The CacheLineWidth-detection works for me. I have not found a similar way to inquire this info for Arm or AppleSilicon or RISC-V cpus. Its just a starting point. Since i believe the CacheLineWidth to be the crucial-information when dealing with SIMD, i'd love to see this information availiable for all commonly cpu-architecture used by nim ? What do you think ? Same could be said for the L1,L2,L3-sizes.

best regards, Andreas (a.k.a. bosinski)

guzba commented 2 months ago

Hi and thanks for the PR. Taking a quick look, one thing I noticed is the use of static pointer. I think that is not the same thing as void const * ptr in the Intrinsics Guide https://www.intel.com/content/www/us/en/docs/intrinsics-guide/index.html#ig_expand=4243,5873,4037&othertechs=MOVBE

A static pointer would need to be known at compile time which I do not see as compatible with heap memory and the use of these operations.

guzba commented 2 months ago

I took a closer look this time and did notice a couple things to check on:

It will be great to have a bunch more instruction sets available when we've got them looking good.

Asc2011 commented 2 months ago

ok, BMI1 & BMI2 should be fine now. thx for the review.

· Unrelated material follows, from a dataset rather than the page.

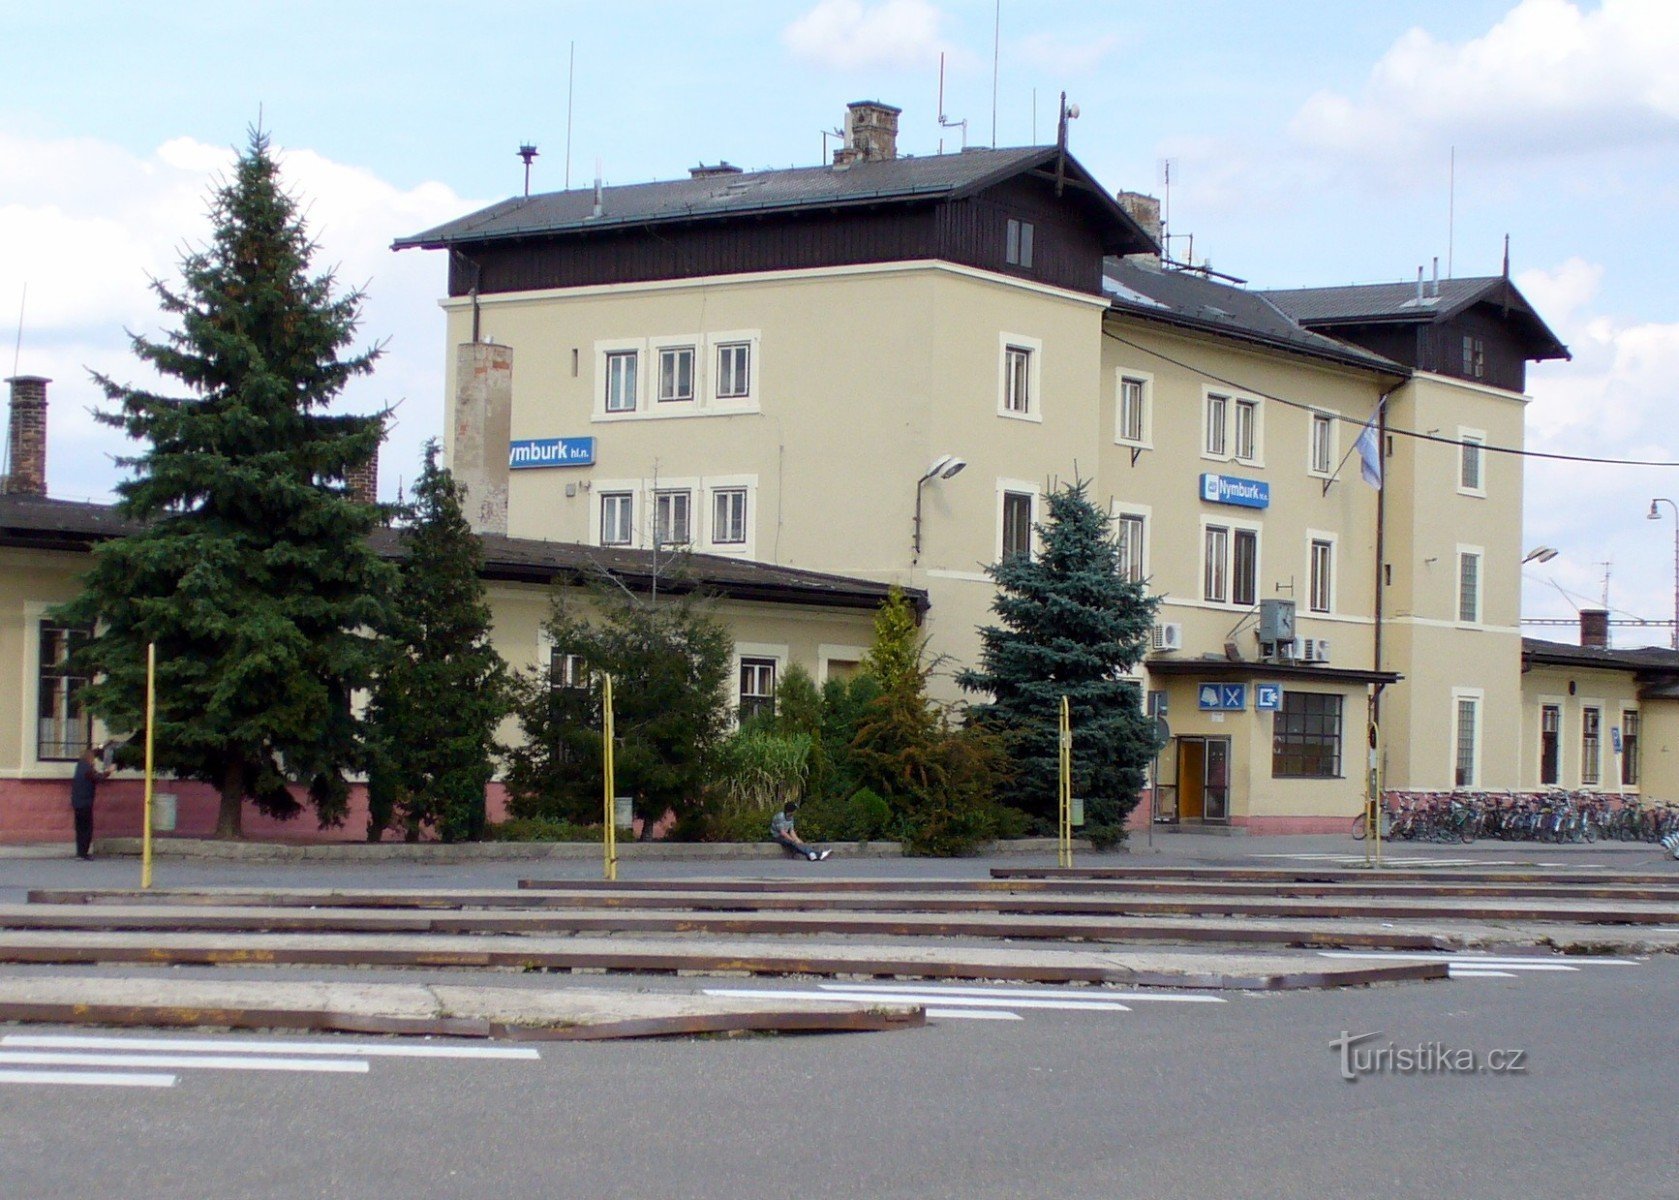 ČD Central Station (siden 1870)

greets and have a nice weekend :)

Asc2011 commented 1 month ago

Hi guzba,

i've noticed that the something did not pass the GH-pipeline ? Is there anything i can do ?

Greets Andreas

guzba commented 1 month ago

Hello and thanks again for this PR. There were still some issues here so instead of continuing to tweak this over time, which may be time consuming, I chose to extend these commits in a new PR and do the remaining fixes here https://github.com/guzba/nimsimd/pull/26

Note that I did remove the queryCacheLineSize call due to the implementation not looking correct to me (should be an unsigned shift, I think incorrect register used, need to check a feature flag to see if the data is present and valid, etc). More info here https://www.felixcloutier.com/x86/clflush if you'd like to work on that in a separate PR.

Asc2011 commented 1 month ago

Very nice and thx for including the important tags. Regarding the detection of the CacheLineWidth in queryCacheLineSize(). I somehow remember that the leg from the Felix Cloutiers' documentation gave me unreasonable results. I then looked at a CpuId-implementation in Rust and found that they used a different leg. So i tried that one, but only had one machine to test against. So that may well be not correct. If i understood it right, then on Intel-Cpus its supposed to be always 64-Byte - thats easy. On AppleSilicon (M1 up to M-2024) its supposed to be 128-Byte - thats seems easy, too. To do the detection on any other CPU (Arm, RISC-V, Power, etc.) might get hairy. Maybe it makes more sense to make this a compile-time-option, which defaults to 64, but can be set via -d:cacheline=128 ? Since i've never heard of a CacheLineWidth >128 or <64.
Anyways, i'll retry in pullreq-26.

guzba commented 1 month ago

If you have a different source for how to get the cache flush size, that'd be totally fine with me. I don't mean to imply the website I linked is the only authority. If you have a solid one, please just point me to it so I can properly ensure I learn and agree the implementation is correct and ready to go.